Title: Designing for epistemological-relational entanglements in STEM education

Abstract: The “practice turn” in K-12 science education, codified in the Next Generation Science Standards (NGSS), calls for increased student involvement in figuring out key science ideas through participation in science practices. Participating in these practices requires students’ intellectual involvement in developing explanatory science ideas, particularly through talk and interaction. However, while both science education research and professional learning efforts have emphasized the epistemic dimension of students’ participation, the relational nature of these knowledge-building interactions has been underexamined.

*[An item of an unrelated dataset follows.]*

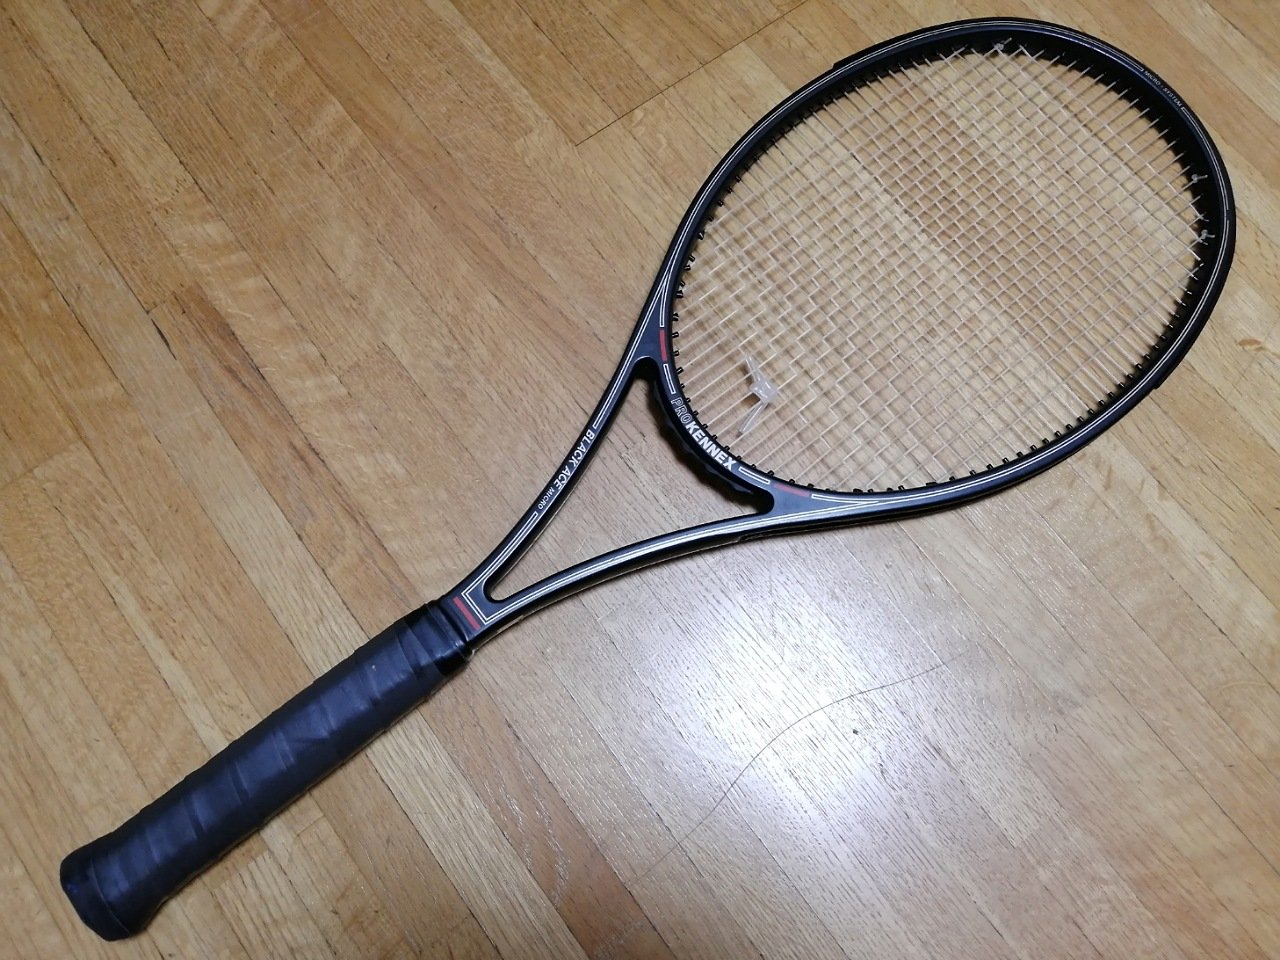 テニスラケット プロケネックス ブラック エース マイクロ【トップバンパー割れ有り】 (G4相当)PROKENNEX BLACK ACE MICRO

At the same time, broader educational theories that emphasize the central role of relationality with and among students for learning remain largely absent from the science education literature.

In this talk, I describe a trajectory of research that aims to articulate a science-specific version of striving for relationality in teaching. I first present a collection of paradigmatic case studies from video recordings of middle school classroom interactions that, when taken together, make visible how students’ and teachers’ attention to relational cues is deeply entangled with the support of students’ epistemologies in practice. I then present a series of findings from a design-based research study aiming to align the structural messaging of the features of large undergraduate physics lecture courses to support relationality and productive physics epistemologies in contexts with relatively low instructor interaction. I discuss the implications of these lines of work for supporting science teaching and learning across K-12 and undergraduate contexts.

Bio: Dr. Krist is an Associate Professor of science education in the Graduate School of Education at Stanford University. Her work focuses on supporting meaningful student participation in science practices, teacher professional learning, designing for more humanizing forms of science learning. Her current projects focus on bringing together various configurations of community organizations, teachers, families, and scientists to develop science learning experiences that promote communities’ visions for thriving. She received her PhD in Learning Sciences from Northwestern University in 2016 and was a postdoctoral scholar at the University of Maryland from 2016-2017 before joining the faculty at the University of Illinois Urbana-Champaign from 2017-2024. Her early career work has been supported by an NAEd/Spencer Postdoctoral Fellowship as well as grants from the National Science Foundation and the National Institutes of Health. She was recently recognized with NARST’s 2024 Early Career Research Award.